NEWSFLASH: There are so many ways to bypass the authenticators and the passwords you couldn't believe. Well you wouldn't believe it anyway since apparently you believe a measely authenticator will guarantee 100% account security. FACEPALM.

foufoufun0
foufoufun0

 @PadyEos keyloggers and phishing websites are probably the most frequent cause of hacked accounts. I bought the key ring authenticator when it came out because I had no cell phone back then. I wonder if it's saffer since it doesn't have any kind of connections to other devices. The cell phone authenticator algorithm could be known (in fact it's nothing very complicated) and all that is left to discovert is the authenticator key which "is" saved on the phone.

method115
method115

 @szafto haha yea like the "amazon order was canceled" emails.

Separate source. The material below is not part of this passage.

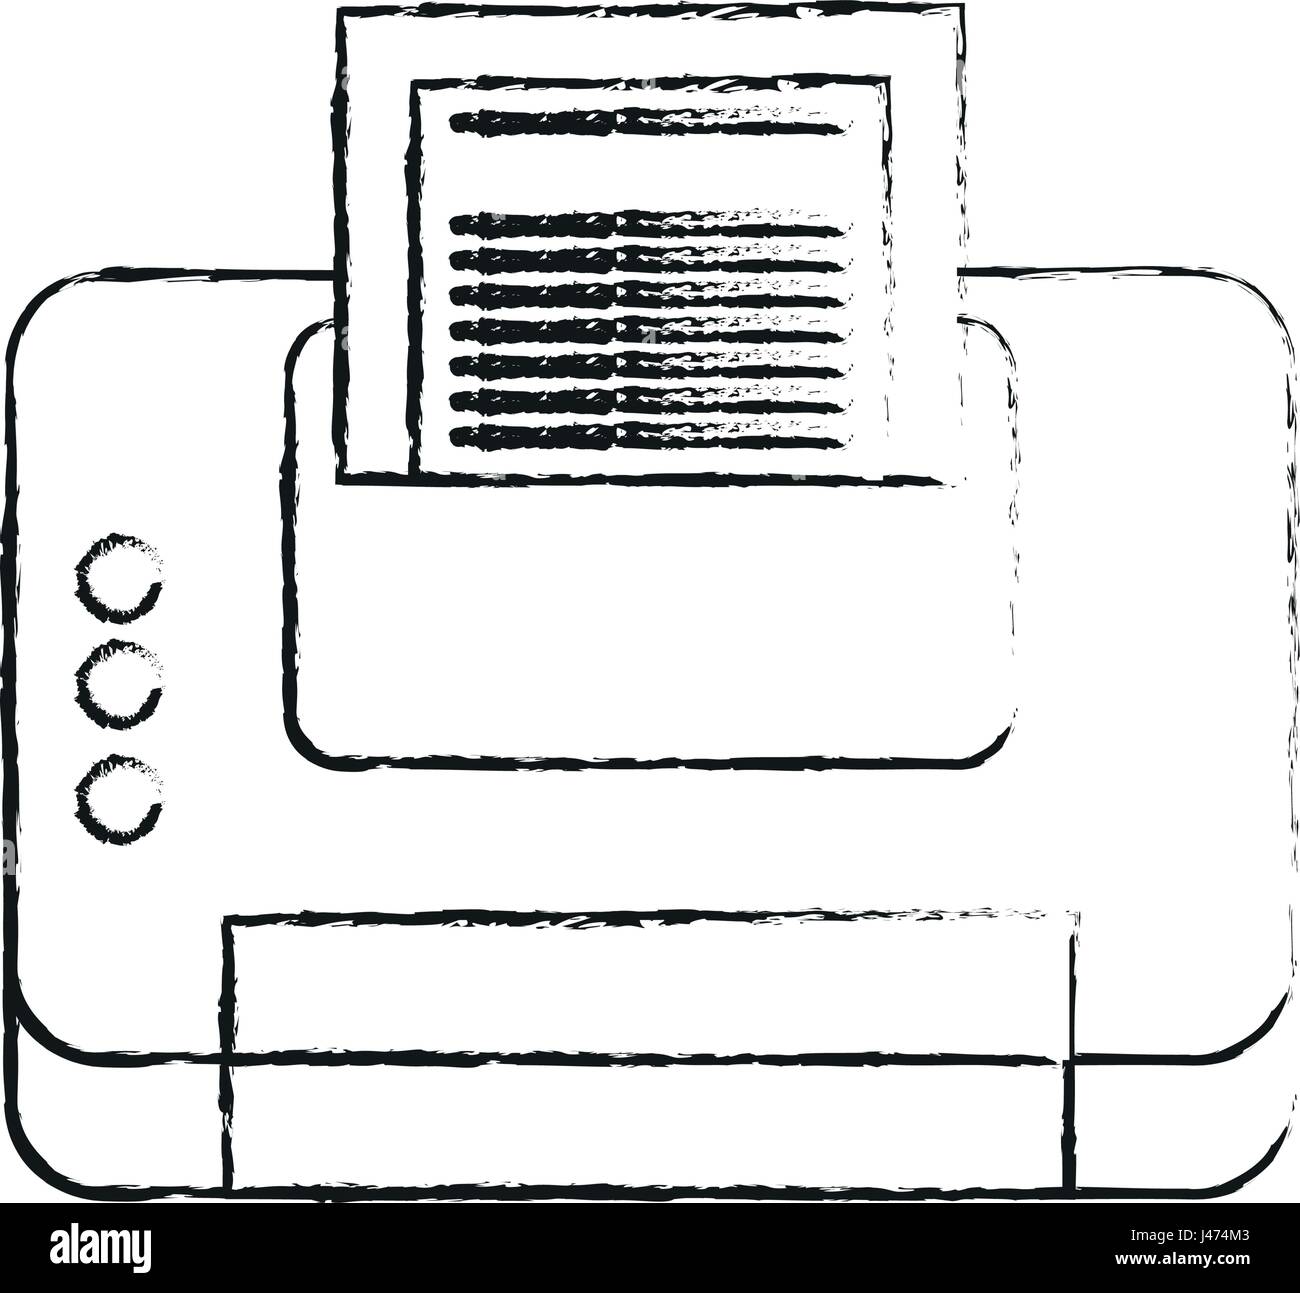 Cartoon silueta borrosa dispositivo con hojas de papel de la impresora  Imagen Vector de stock - Alamy

I havent ordered anything from amazon in months.

shadowhunter0
shadowhunter0

@lonewolf1044 I know some pc nerds that has the best computer security and they also were using the authenticator  and their accounts still got hacked so actually blizzard needs to address their security but they don't care their customers all they care about is money and they don't want to spend it to improve their security so the blame the users when if fact it is actually blizzard's fault

lonewolf1044
lonewolf1044

 @PadyEos As long there is code, it can be hacked but keep in mind it better to have something in place, then nothing at all. If your system is not protected with the proper software or hardware, one has nobody to blame but them selves. However if someone was able to hack the authenticator, then Blizzard needs to address that issue that issue. Some people may not have too much knowledge about computer security and  one should use a program that is going to protect the whole system.

 

PadyEos
PadyEos

 @superspeed04 and still the fanboys don't believe anything. They are convinced a measly authenticator will guarantee them 100% protection when there are so many ways around them.

shadowhunter0
shadowhunter0

 @lonewolf1044 I know pc nerds that got their account hacked and their computer wasn't infected hell one of them help me with the security on my computer so it is on blizzard side but they just don't care all they care about is money and in order for them to fix it it would cost them more money so they just blame the users

shadowhunter0
shadowhunter0

 @PadyEos I know I was hoping that he would say no to prove that it is blizzards fault and what they are saying is a load of bull

lonewolf1044
lonewolf1044

 @PadyEos

Hackers do not necessarily need to access Diablo directly, if you have a infected computer from the start or a computerbot  meaning your computer was infected even before Diablo was released hackers have almost total control of your computer and all that time you thought your computer was safe.

PadyEos
PadyEos

 @mnoi The game is susceptible to middleman attacks on the connection after you have logged in with you pass and aunthenticator so by basically duplicating the identification info of you computer and with the session ID from the game you are currently playing they can bypass the log-in process and jump straight into your game kicking you out. Authenticator made useless like a BOSS.

mnoi
mnoi

 @xenomessiah  @PadyEos someone steals your phone, uses the authenticator to log into battlenet and then steal ur stuff. Bit of a longshot though.